A 2012 UF study estimated it would take $5,000 to replicate the ecosystem services an acre of forest land provides, like animal habitat and carbon sequestration. Through photosynthesis, trees produce oxygen and absorb carbon dioxide, a greenhouse gas that contributes to climate change. Forests also absorb rainfall, prevent flooding and filter groundwater. Incentivizing those services could keep them from going away, some tree owners contend.
Demers of UF points to the Florida Fish and Wildlife Conservation Commission’s pilot project that rewards private landowners for maintaining and improving Florida panther habitat on their properties in South Florida. Payment rates range from $7 to $17 per enrolled acre.
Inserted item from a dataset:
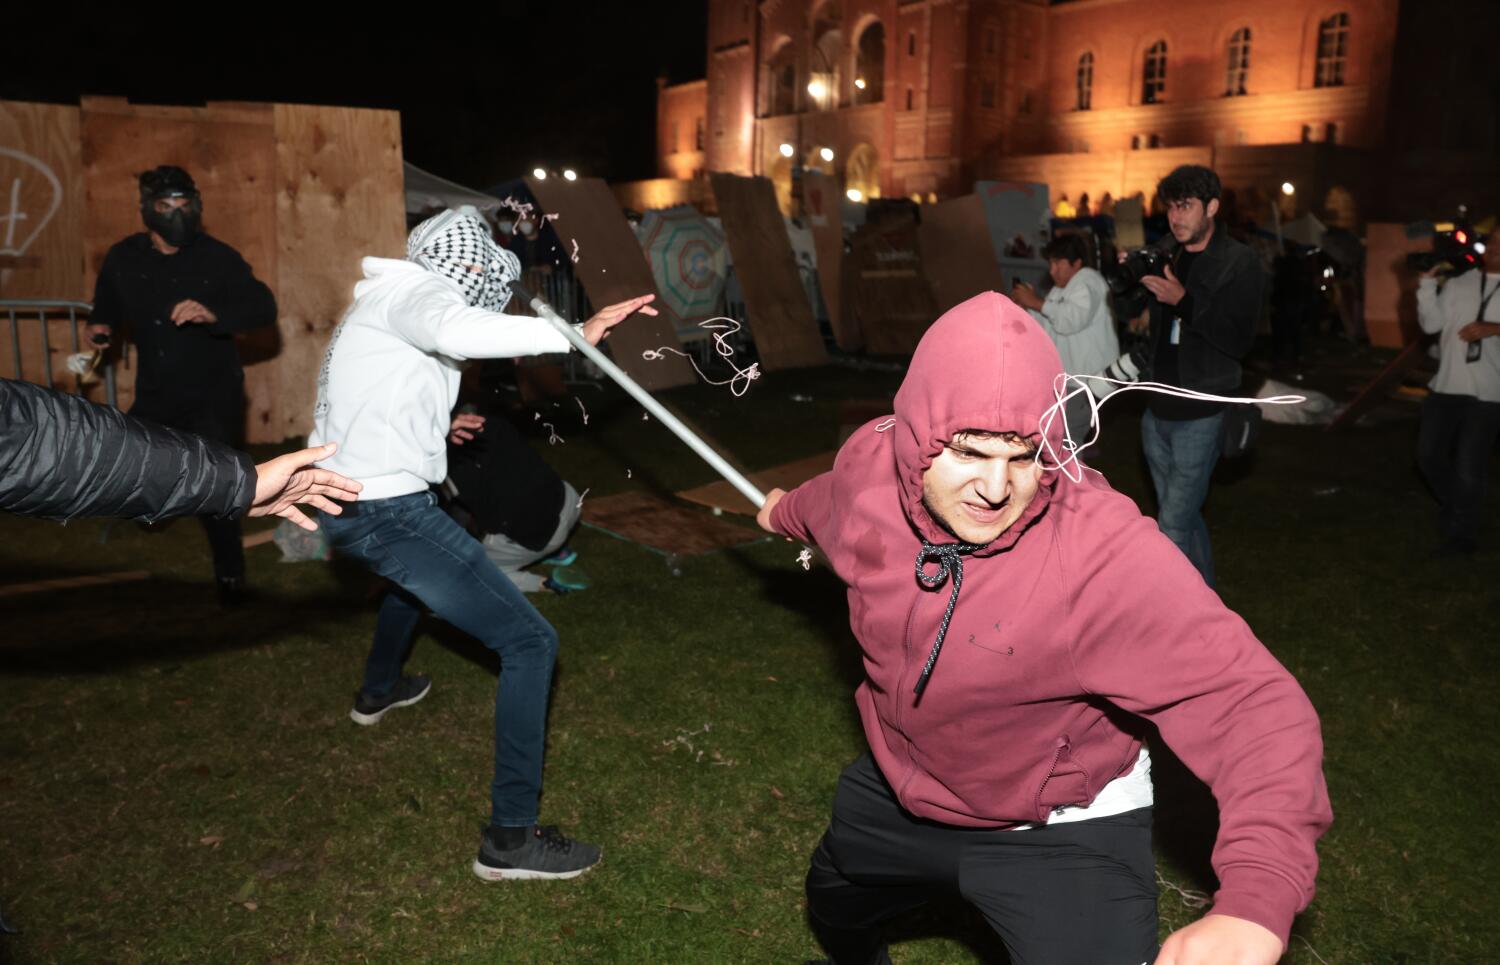 To find masked mob members who attacked UCLA camp, police are using Jan. 6 tactics

“In this business, we try to maintain optimism about the markets. There’s always going to be a slump,” he says. “Right now, we’re in a trough with a lot of the timber products that we’ve been working with over the years. There’s going to be innovation. Something’s going to fill in the gap eventually.”
A WAITING GAME
Back up in Bascom, on a sunny spring day, John Alter steps out of his truck onto a 12- acre plot of slash pines, with pine needles and bark crunching under his feet. The trees encircling him, planted in 1994, are due to be harvested soon.
At 88 years old, Alter already has his funeral planned. He knows what casket he’ll be laid to rest in. He knows what preachers he’d choose to officiate. And he knows the stand of trees around him will be his last harvest. “Trees outlast humans,” he says matter-of-factly.
Since the Alters’ first harvest in the late 1990s, they’ve stewarded their land the best they can. After Hurricane Michael, the pair reinvested their disaster relief funds into replanting trees — knowing their new stands would outlive them and be passed along to their sons.
John says the choice was driven by tradition and, above all, a deep-seated love of trees. “Every time you take a deep breath, you need to thank a tree.”
Over the years, wood prices have edged up with demand — as they did during COVID-19, when home renovation projects abounded — and have slumped. Florida’s timberland acreage has ebbed and flowed in accordance.
Some parcels get conservation easements, destined to stay forested in perpetuity. Sometimes, timber is converted to cattle pastures or row crops and then back to timber again. Residential and industrial developments are on the table as well, looking more attractive than ever given Florida’s booming population and economy.
But once you plant houses, you can’t go back.
For Carlton Jones, the 2020-21 president of the Florida Forestry Association, the evidence is in Central Florida. He works for Tampa-based Robbins Manufacturing Co., which produces fence posts, marine pilings and utility poles at two mills in Lake City and Tarrytown. He says nearby development is putting pressure on the local wood baskets.
“They’re just eating up the land,” Jones says. “That’s our biggest challenge company-wide right now.”
In 2024, 76,000 acres of timberland sold between 278 transactions across Florida, according to a market report from Lakeland-based Saunders Real Estate. Their average price was around $2,600 per acre — a 7.6% decrease compared to 2023 but still a jump from pre-COVID prices that hovered around $1,500 per acre. It’s unclear how many of those sold acres stayed in timber.
As of now, it’s a waiting game to see if sprawl will swallow the stillrural swaths of the Panhandle and the Big Bend.
“I’m optimistic. In the next, I’ll say 20 years, we’re not going to develop the state out,” says Jim Karels, former director and state forester of the Florida Forest Service who now chairs the Florida Forest Association’s Governmental Relations Committee. “Florida will struggle if it’s all houses and pavement. It will really struggle. Keeping this industry where the landowners can keep it in forestry is good for all of us.”